Por
Adriana Passari - @adrianapassari
Apenas
mais uma história de dar medo
Era
meia noite de uma noite escura sem luar. Ela estava sozinha em casa, sem pressa
de ir para a cama, assistindo um filme antigo na TV, estirada no sofá, embaixo
de uma manta xadrez, tendo ao lado uma taça esvaziada várias vezes do seu vinho
favorito. A garrafa vazia também ao lado, no aparador. Há muito tempo ela não
tinha a oportunidade de ficar sozinha em casa e estava meio desacostumada. Todo
aquele silêncio. Sem ninguém para conversar ou dar ordens. Almejava por aquele
momento há meses.
Um
momento só seu, para escolher o que fazer e o que não fazer. Parecia até
perfeito demais. Deve ter cochilado no meio do filme porque ao acordar estava
chovendo e ela nem viu a chuva começar. Estava ainda sonolenta, um leve
pilequinho, de repente deu um salto assustada ao som de um estrondoso trovão.
A
tv estava fora do ar, só com chiado. Tentou trocar o canal mas foi em vão, os
canais a cabo estavam desconectados, provavelmente por alguma queda de energia
que ela nem percebeu. Desligou o aparelho e continuou olhando para a tela. E
agora? O que faço? Pela porta de vidro uns flashes causados pelos raios
iluminaram todo o quintal que deveria estar vazio. Deveria… mas o que era
aquilo? Teria mesmo visto um vulto? Pânico. Sentiu o coração acelerar até ouvir
os seus batimentos diretamente nos próprios ouvidos. Congelou. Não sabia o que
fazer. Um novo raio riscou o céu e a claridade revelou mais uma vez a imagem
que ela preferia que a escuridão continuasse escondendo. Havia mesmo um vulto.
Um homem. Vestindo uma casaca, chapéu e estava de costas para ela como se
mirasse para além do muro.
Desta
vez tomou uma atitude. Rapidamente, evitando fazer barulho, agarrou o celular e
correu até a fechadura da porta para certificar-se de que estava trancada.
Estava. Sentiu pequeno alívio, mas a chave não estava lá. Ele não poderia
entrar por lá, mas ela também não poderia sair.
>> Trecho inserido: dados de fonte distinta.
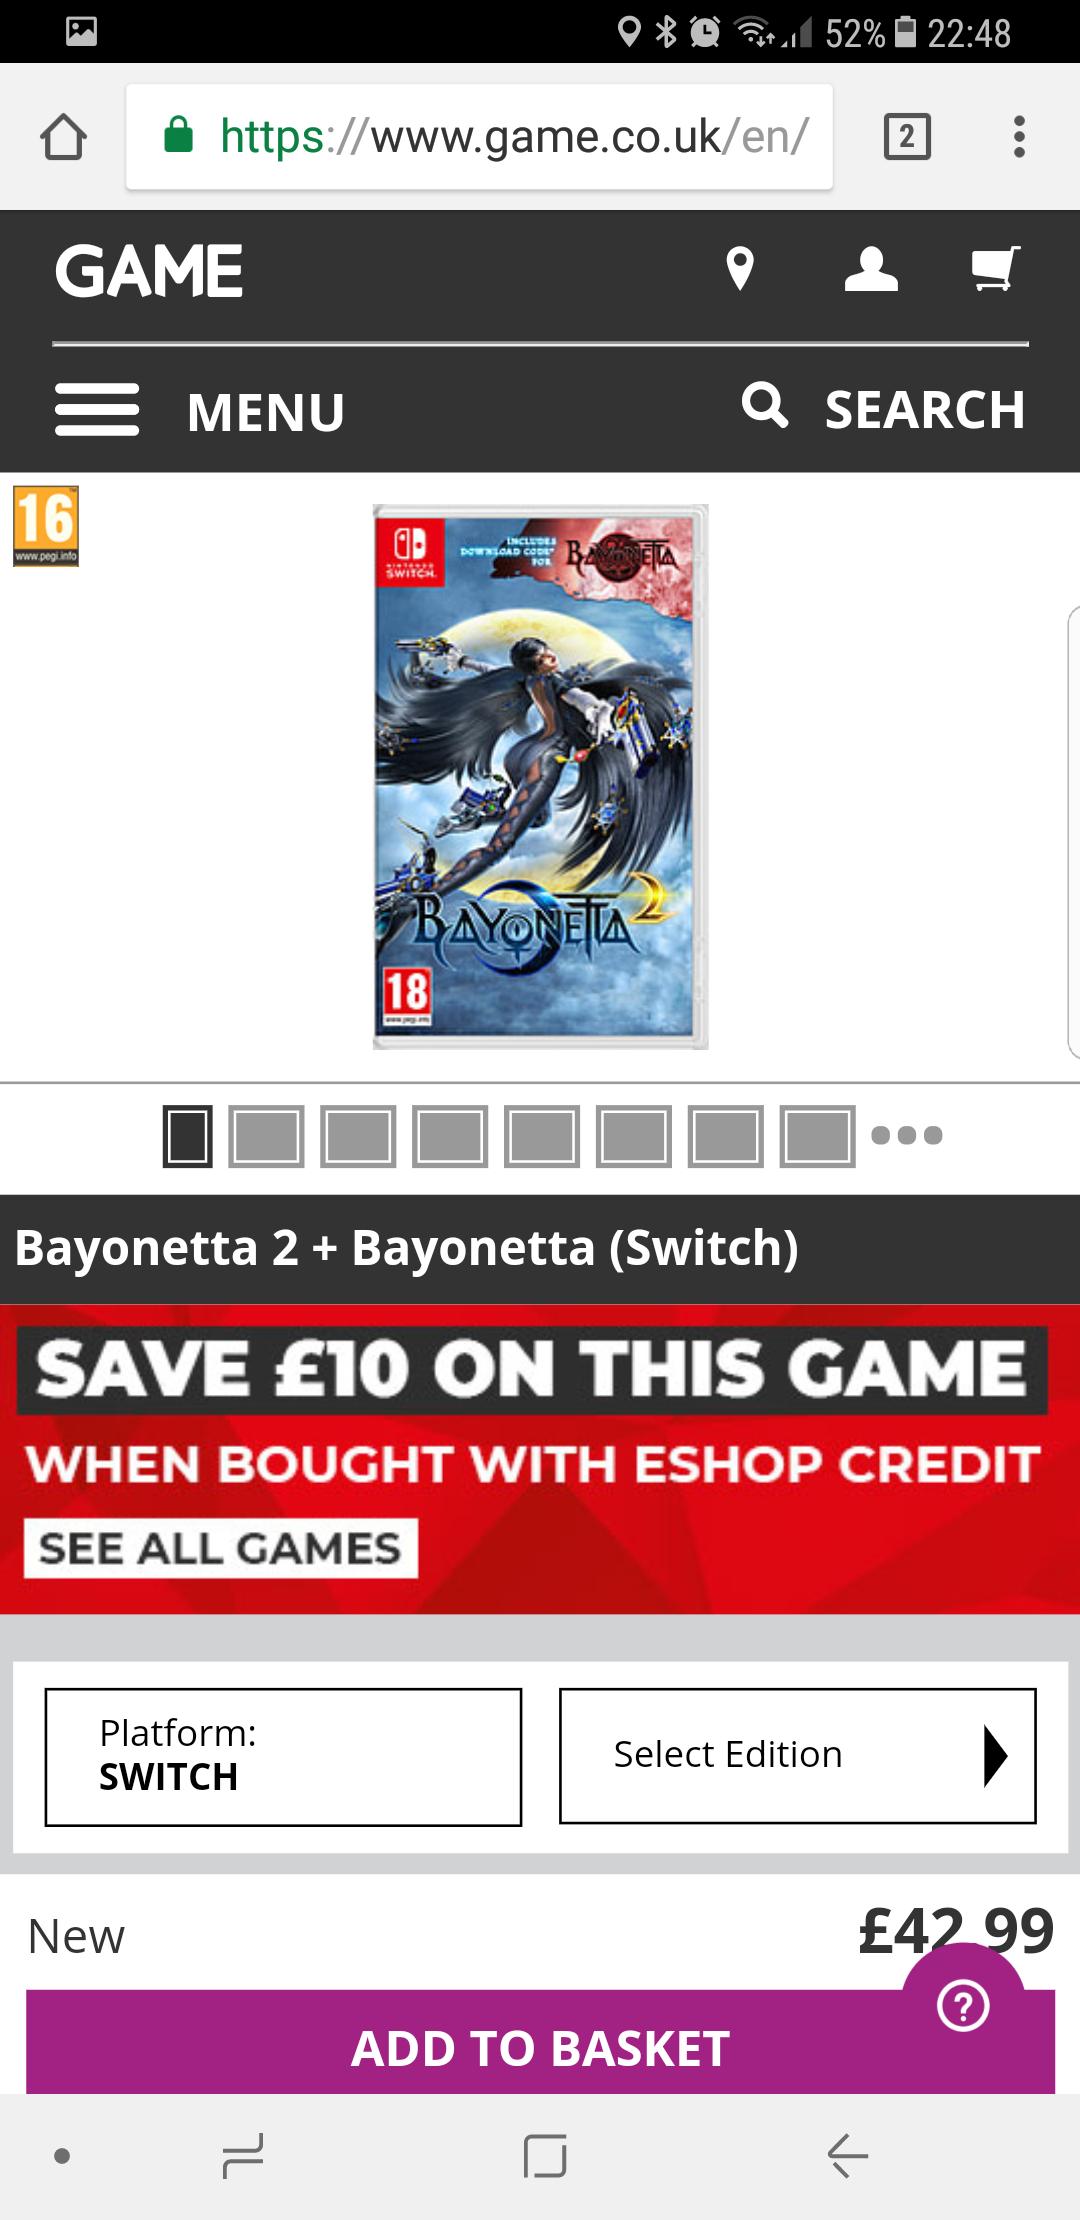 Bayonetta 2 + Bayonetta (switch) Credit Deal £32.99 at GAME (using Nintendo Store Credit = £15.00)

Onde estaria a chave que nunca saía de lá? Estava tremendo e com dificuldade para discar para a polícia. Alguém atendeu: Polícia Militar, boa noite. Antes que ela respondesse, um novo raio seguido por estrondoso trovão, mostrou mais uma vez o cenário apavorante. O vulto agora estava mais próximo e desta vez a mirava nos olhos. Ela gritou, deixou o celular cair e a ligação foi encerrada. Ao mesmo tempo a energia da rua caiu e ela ficou sem luz… Nesse momento ela teve um surto de pânico. Gritou o mais alto que conseguiu, tateou no chão até achar o aparelho e com a pouca luminosidade da tela foi se guiando enquanto trombava nos móveis e paredes, em rota de fuga o mais rápido que conseguiu.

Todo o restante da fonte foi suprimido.